1 OPENING THE SEQUENCE FILE

From the "File" menu in ARTEMIS, select "Open..." and Navigate to

N:\DeptSoftware\SciEng\Biological Sciences\BIOLOGY\GGIII

Set the "File Type" to "All Files"

"Open" the file clbot.fsa

This will launch the ARTEMIS view for the prokaryotic sequence contained in the file clbot.fsa.

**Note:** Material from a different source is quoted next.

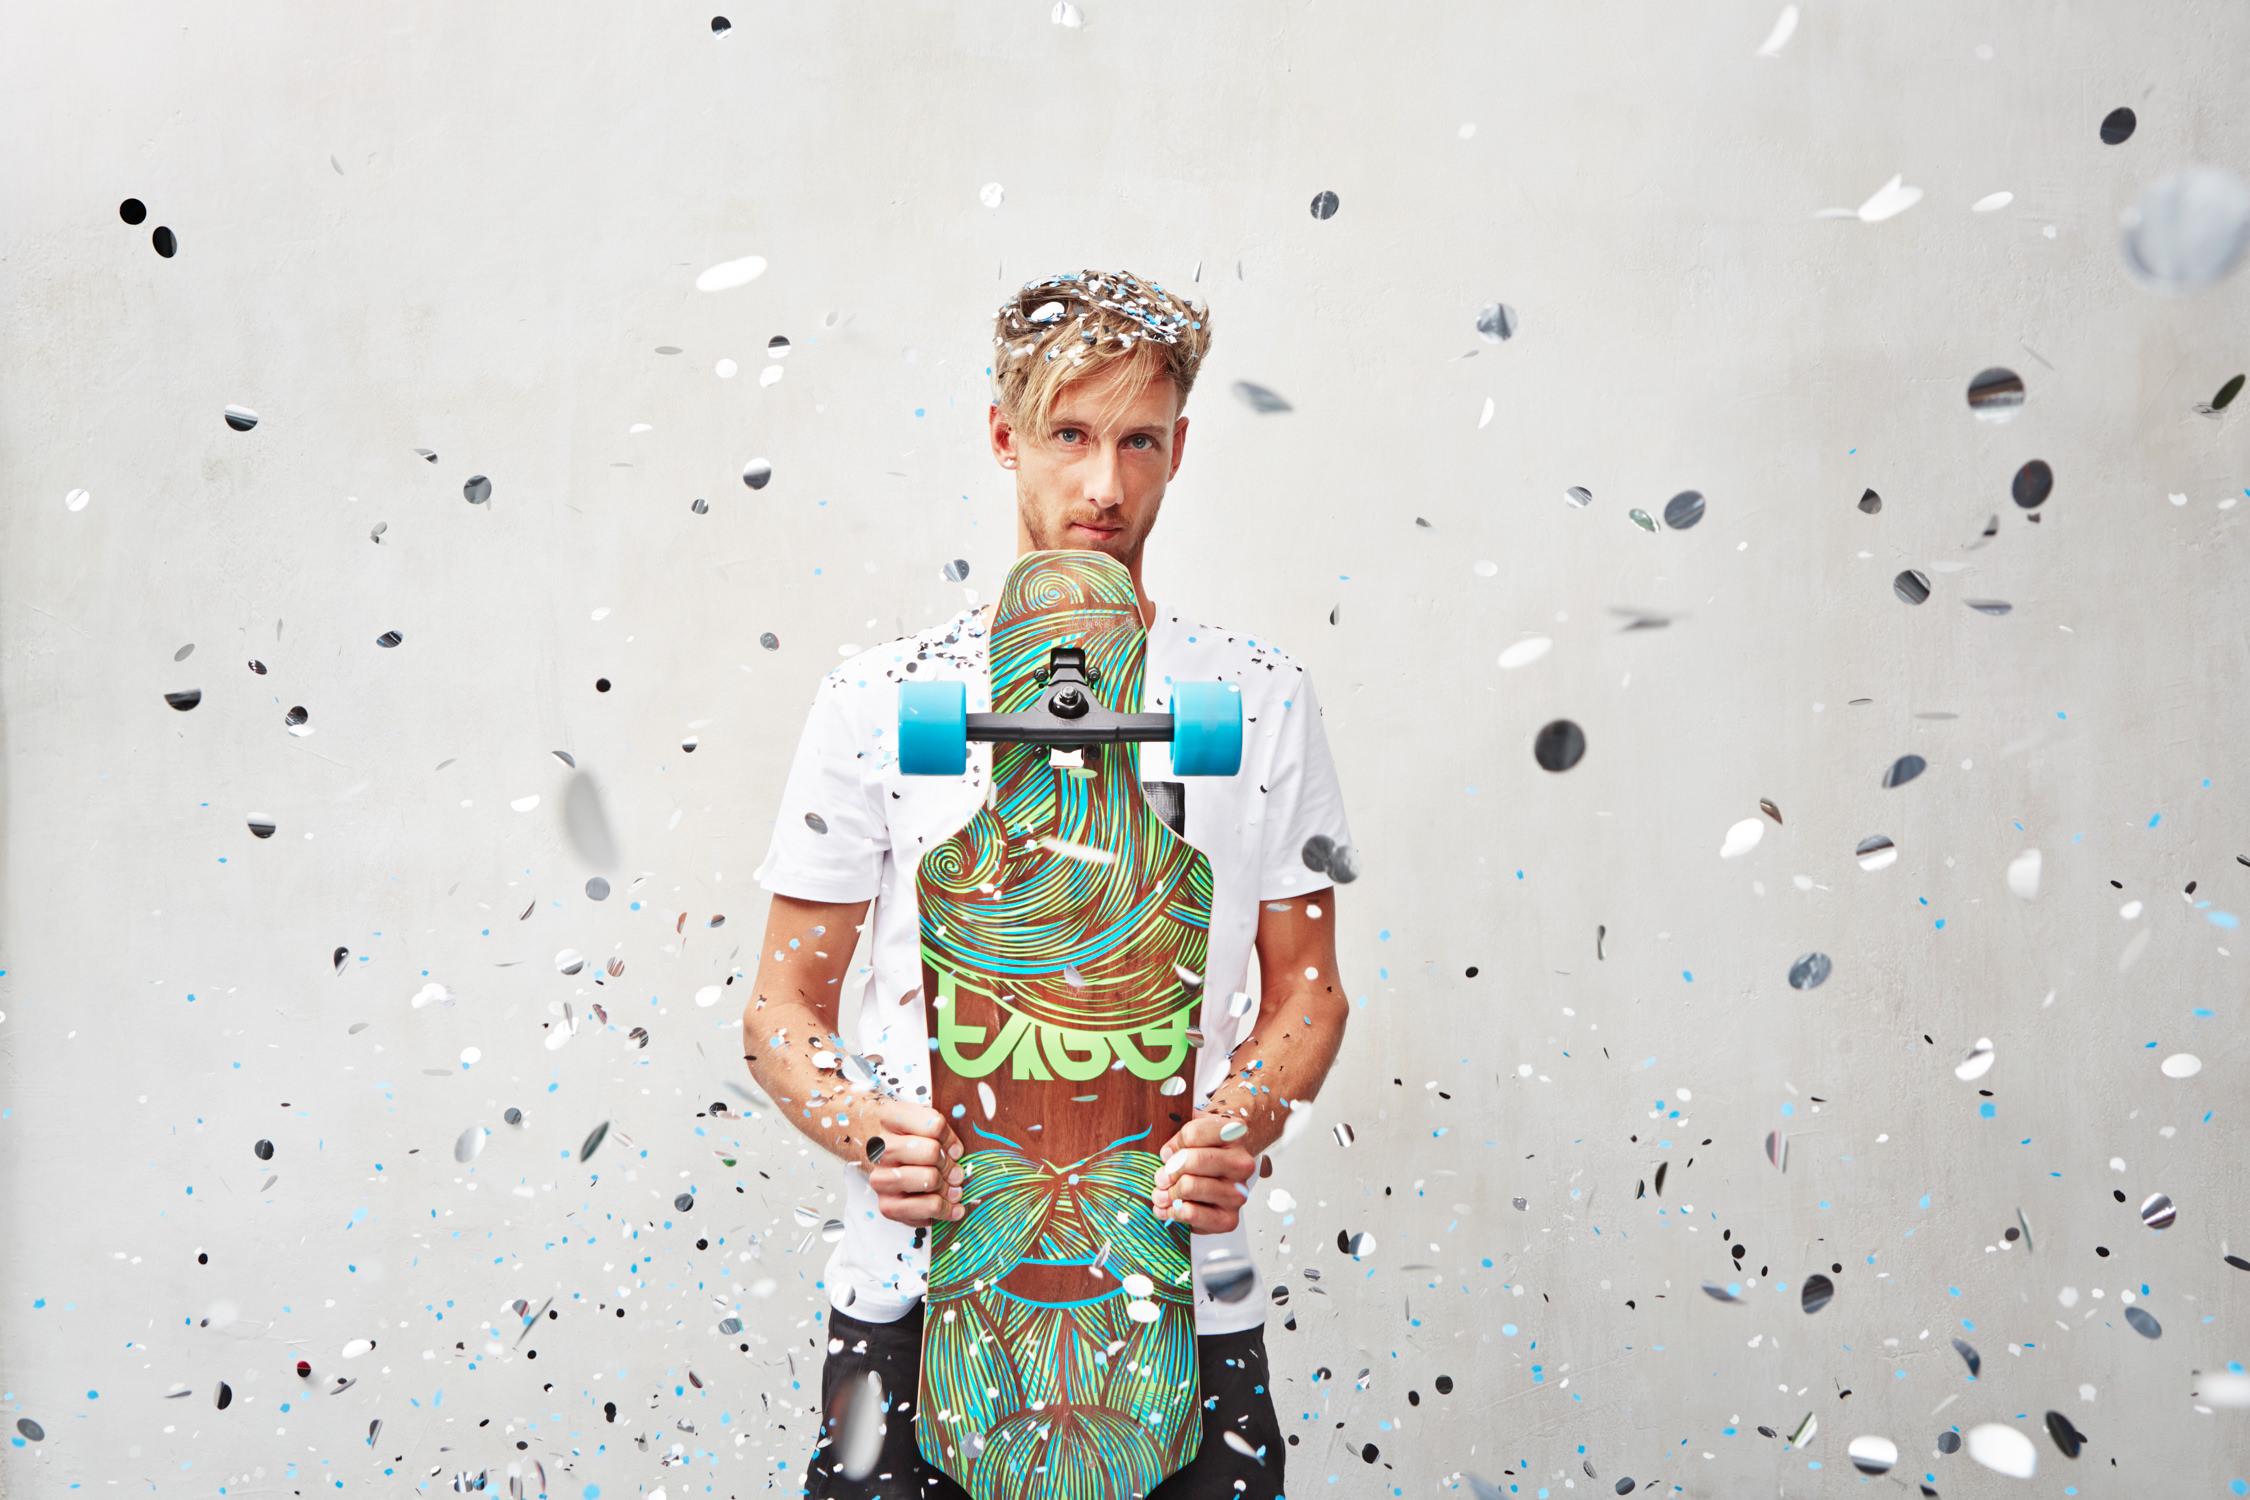 area fun4u sports junger mann konfetti regen rollen graue wand skatebaords Jörn Strojny

(OR YOU CAN GET THE clbot.fsa FILE FROM HERE, DOWNLOAD IT TO YOUR MACHINE, SAVE AS clbot.fsa AND THEN OPEN IT IN ARTEMIS)

2 NAVIGATING IN ARTEMIS

You will be presented with a number of views. The top panel shows an overview of the entire genomic fragment and any associated features (currently none). The top three lines represent the forward three frames of translation (from left to right). The bottom three lines represent the reverse three frames of translation (going from right to left). Each vertical black line represents a "stop" codon.

Play with the sliders below and to the right of each view. You can use the sliders to zoom and move around this view. The numbers indicate the number of bases from the beginning of the sequence.

In the lower panel is a more detailed view of the genomic fragment showing the two strands of DNA and their associated 6 frame peptide translations (represented by the single letter amino acid code). Again the top three frames read from left to right and the bottom three frames read from right to left. By clicking on a amino acid residue you will highlight the three bases (codon) that it refers to. Stop codons are marked #, * and +. When you are zoomed out, the stop codons are represented by vertical black lines.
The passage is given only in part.